▸ Exercise
No line before the one holding "People 3888x2187 cigarettes" is to be copied; that line and all after it, through the end of the listing, are returned exactly, minus pictures.

▸ Provided data
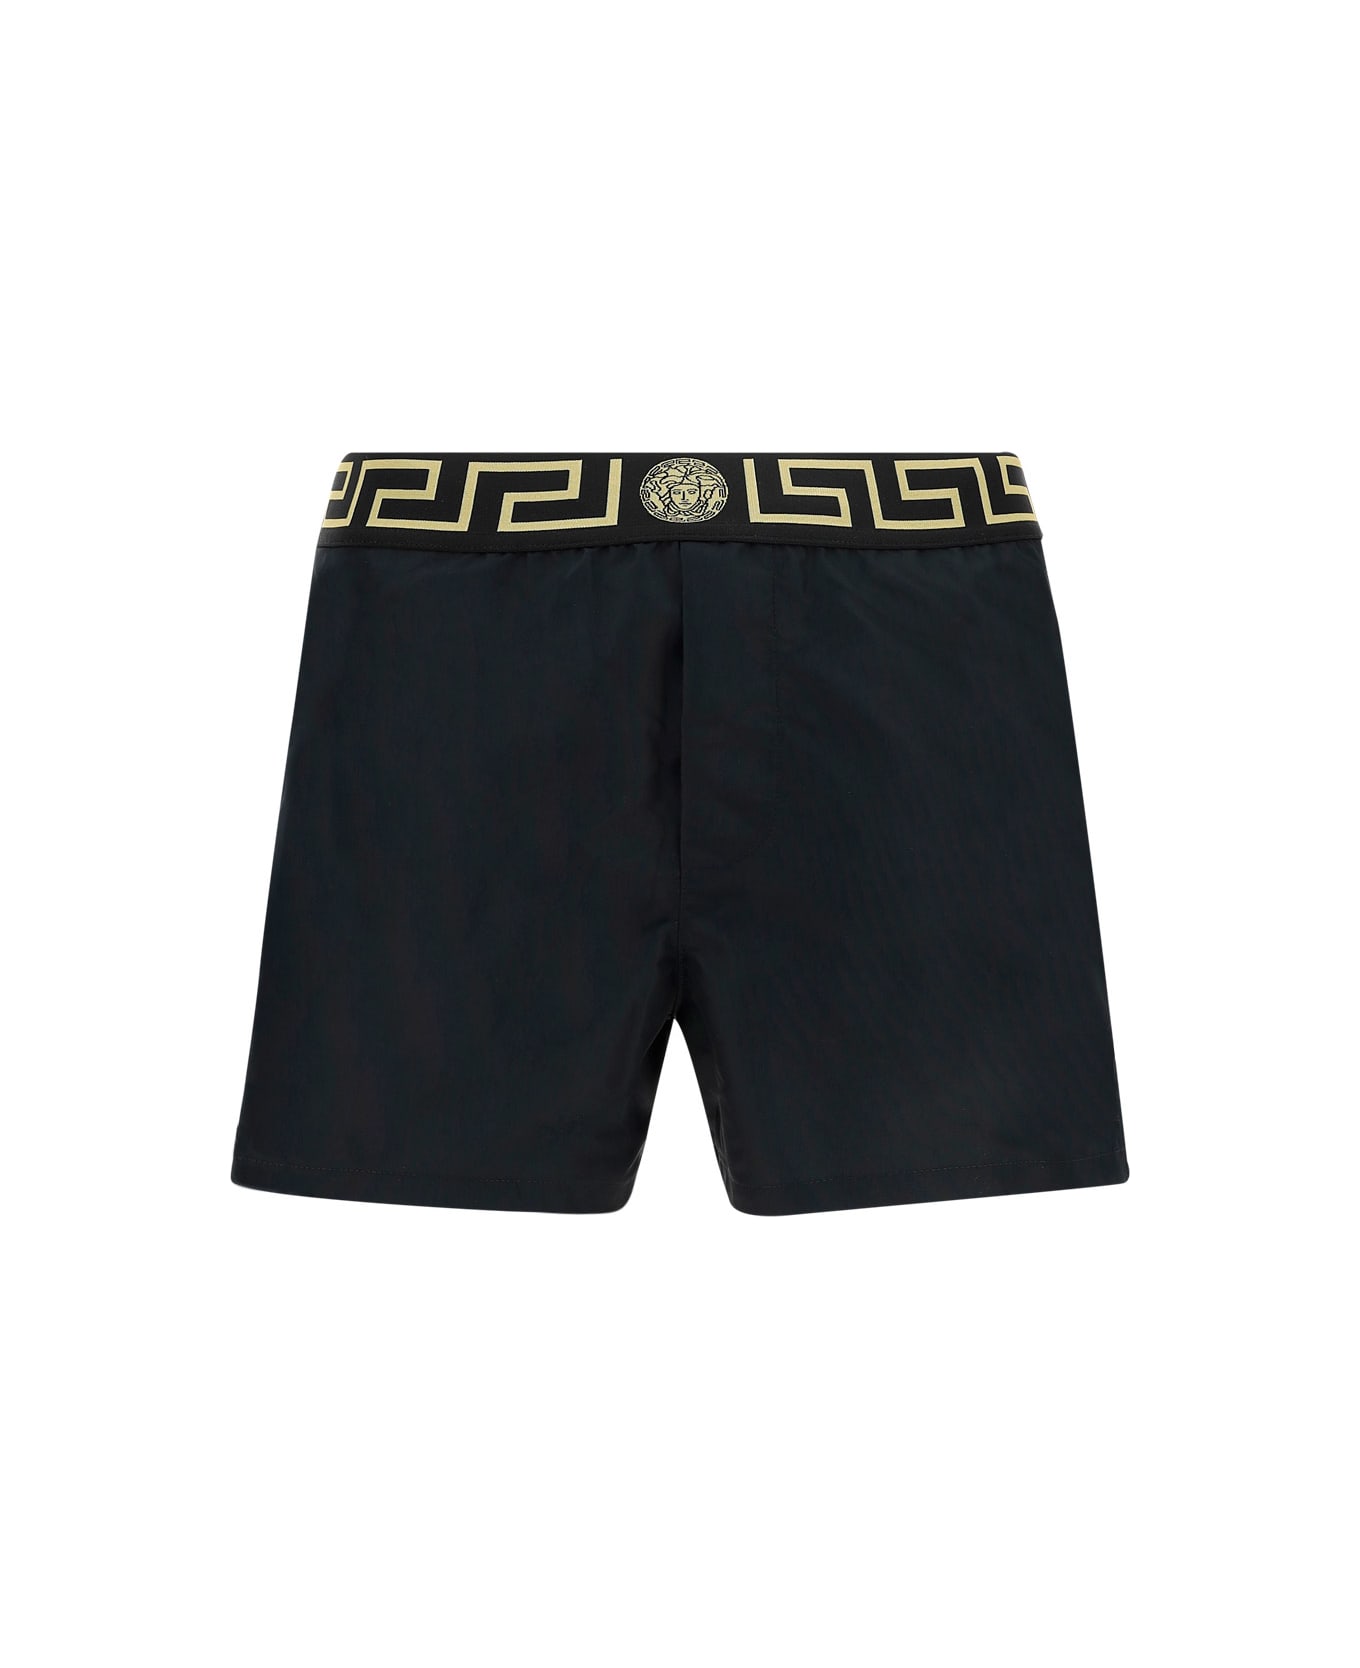 Versace Swimwear - G Black Gold Greek Key
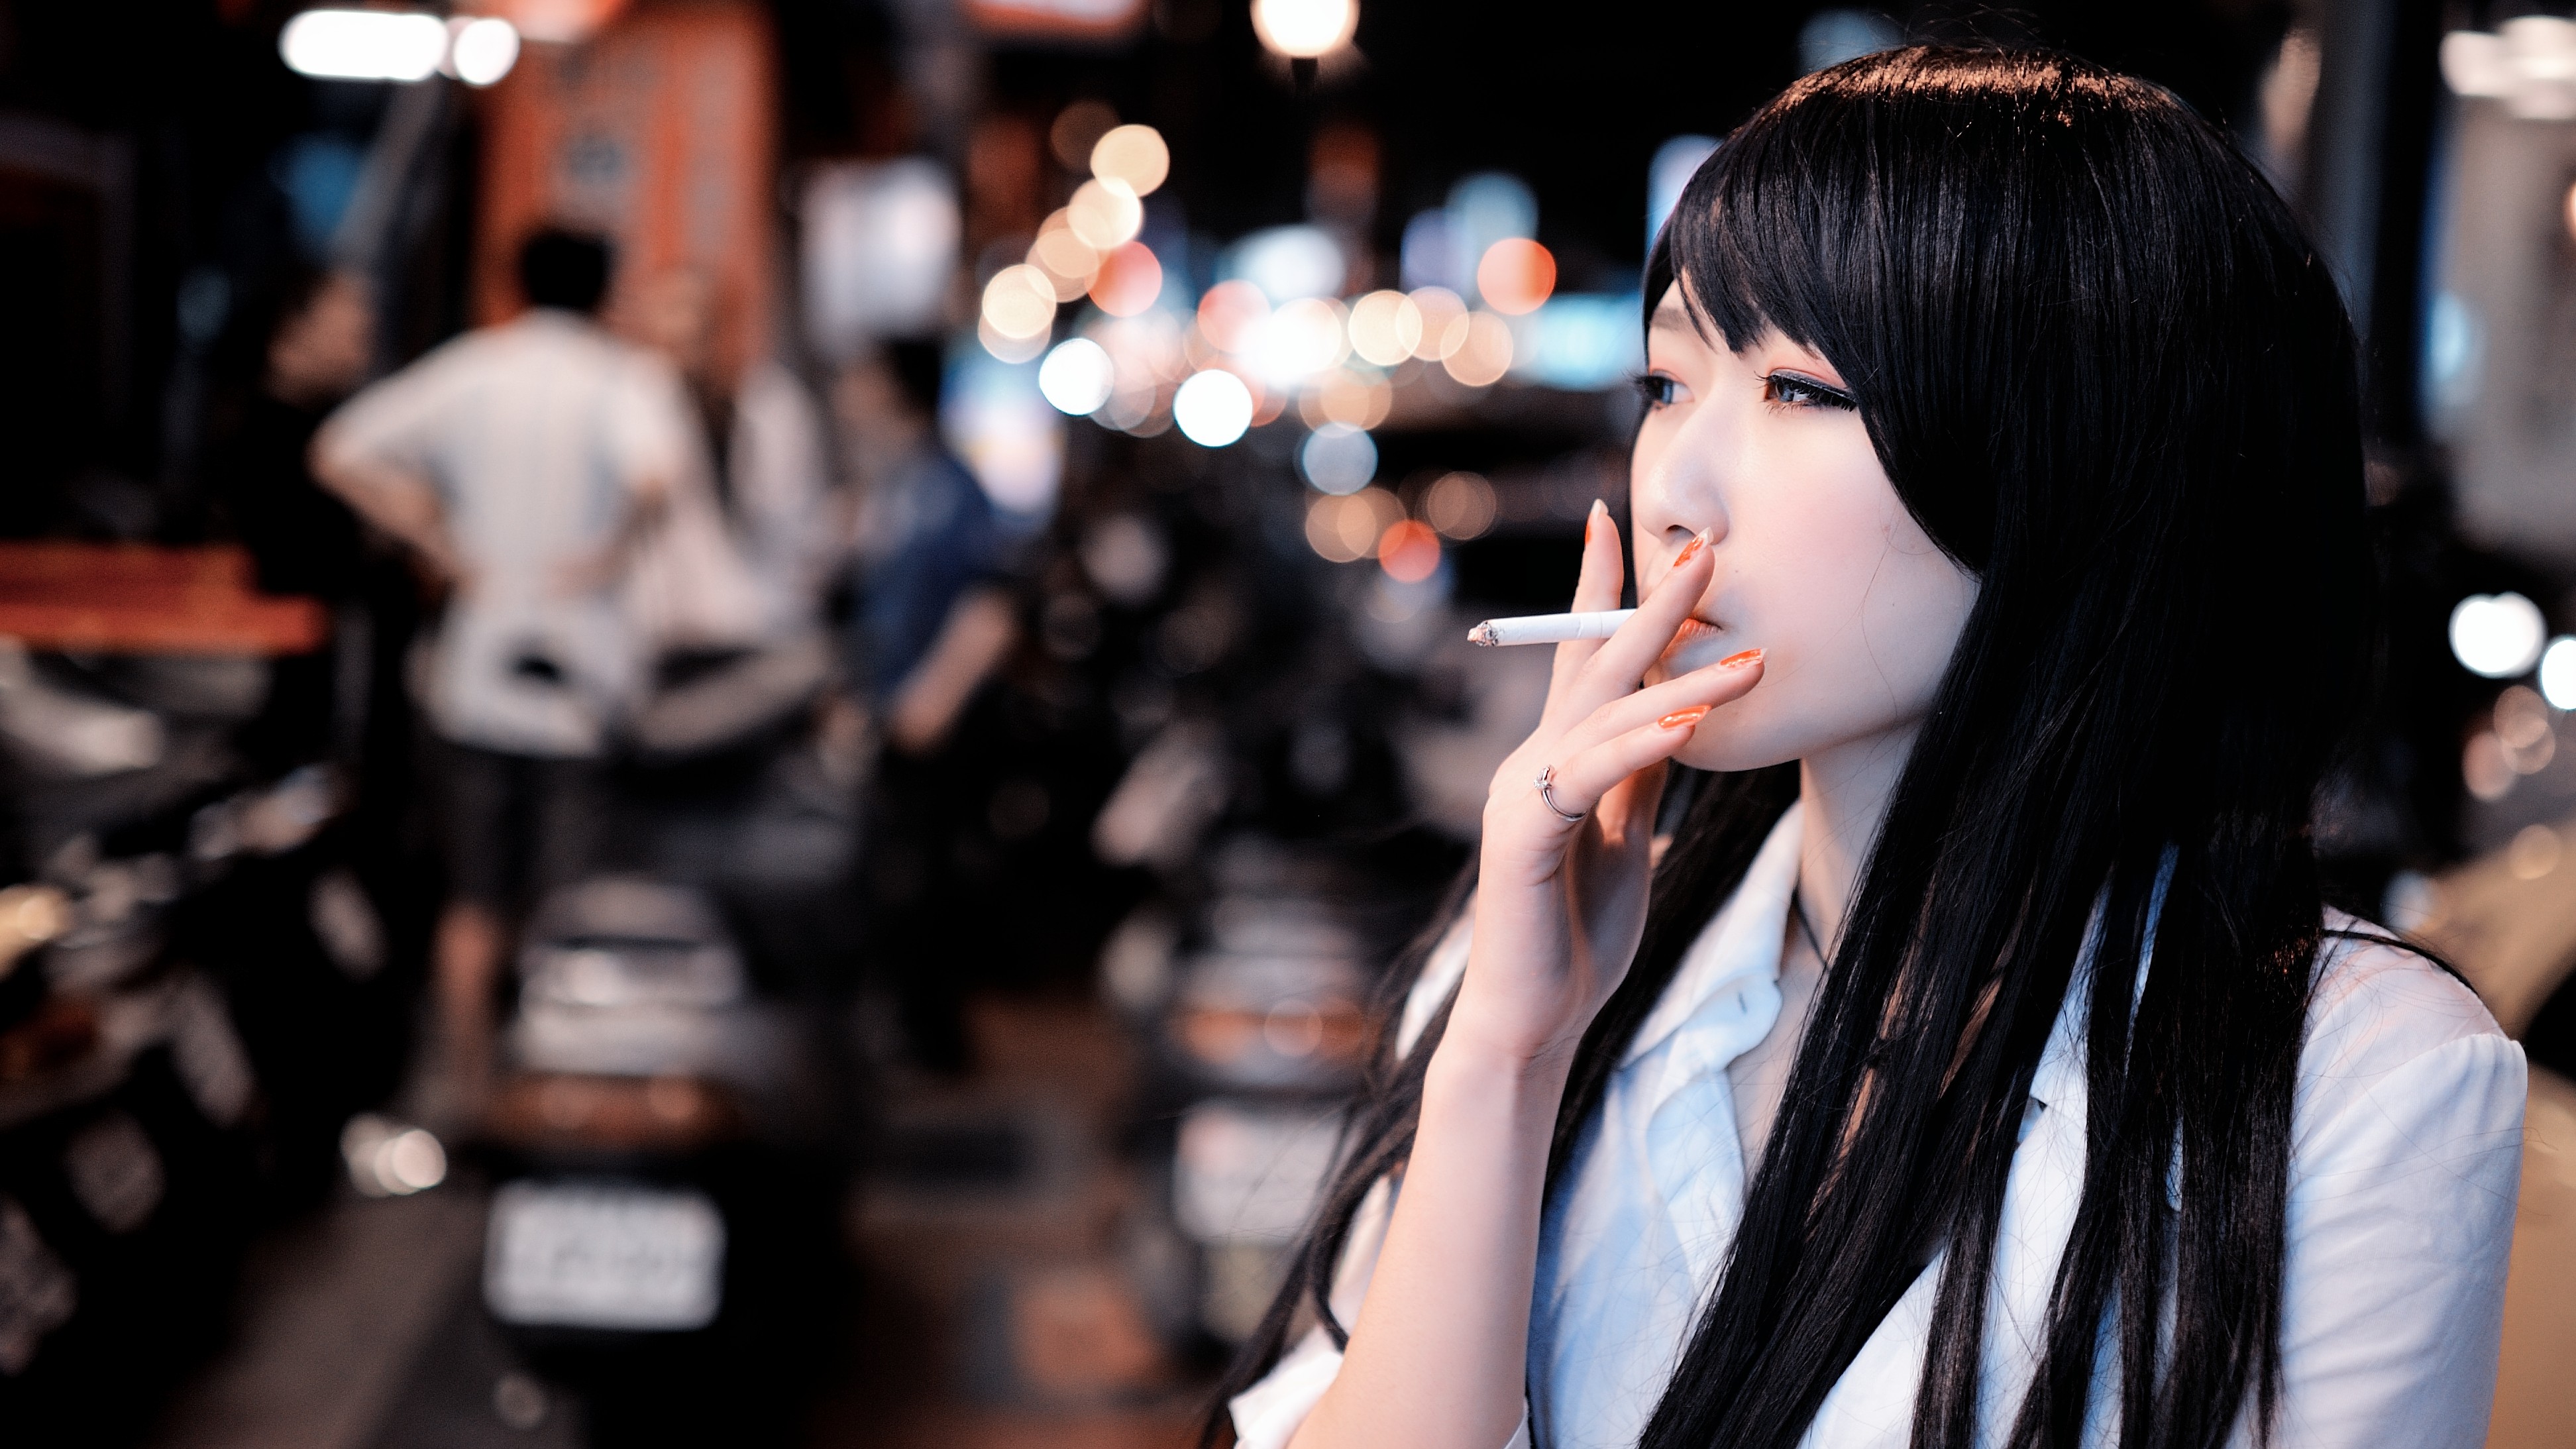 People 3888x2187 cigarettes smoking looking away long hair women Asian model black hair orange nails painted nails urban
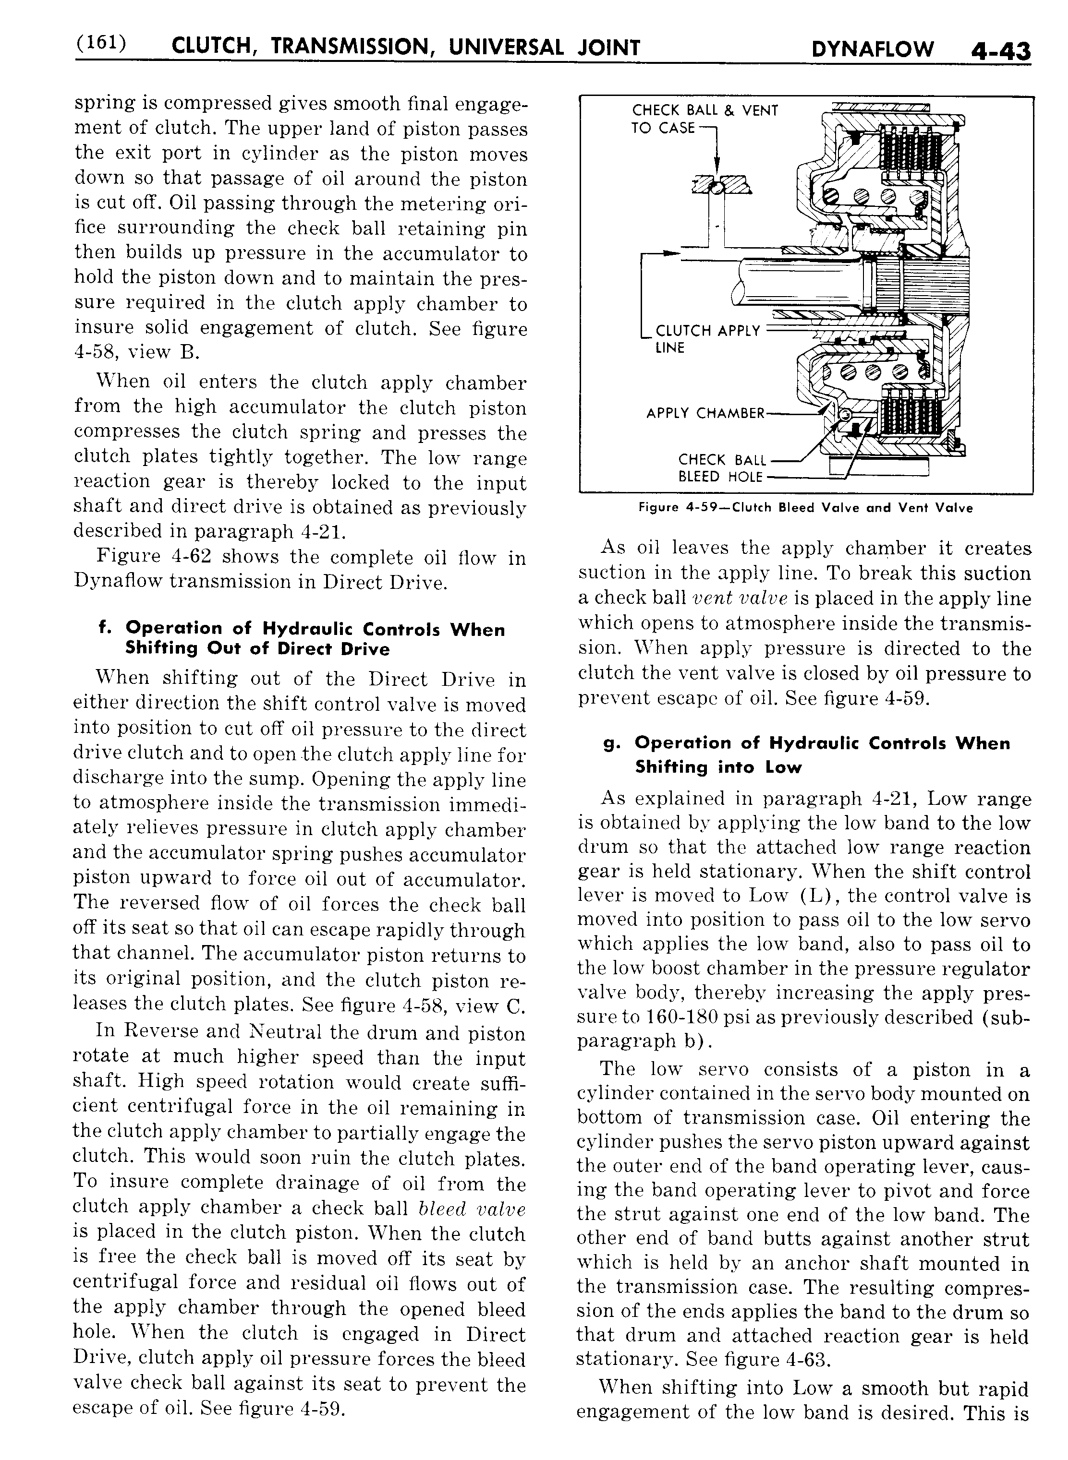 n_05 1951 Buick Shop Manual - Transmission-043-043.jpg

▸ Final answer
 People 3888x2187 cigarettes smoking looking away long hair women Asian model black hair orange nails painted nails urban
 n_05 1951 Buick Shop Manual - Transmission-043-043.jpg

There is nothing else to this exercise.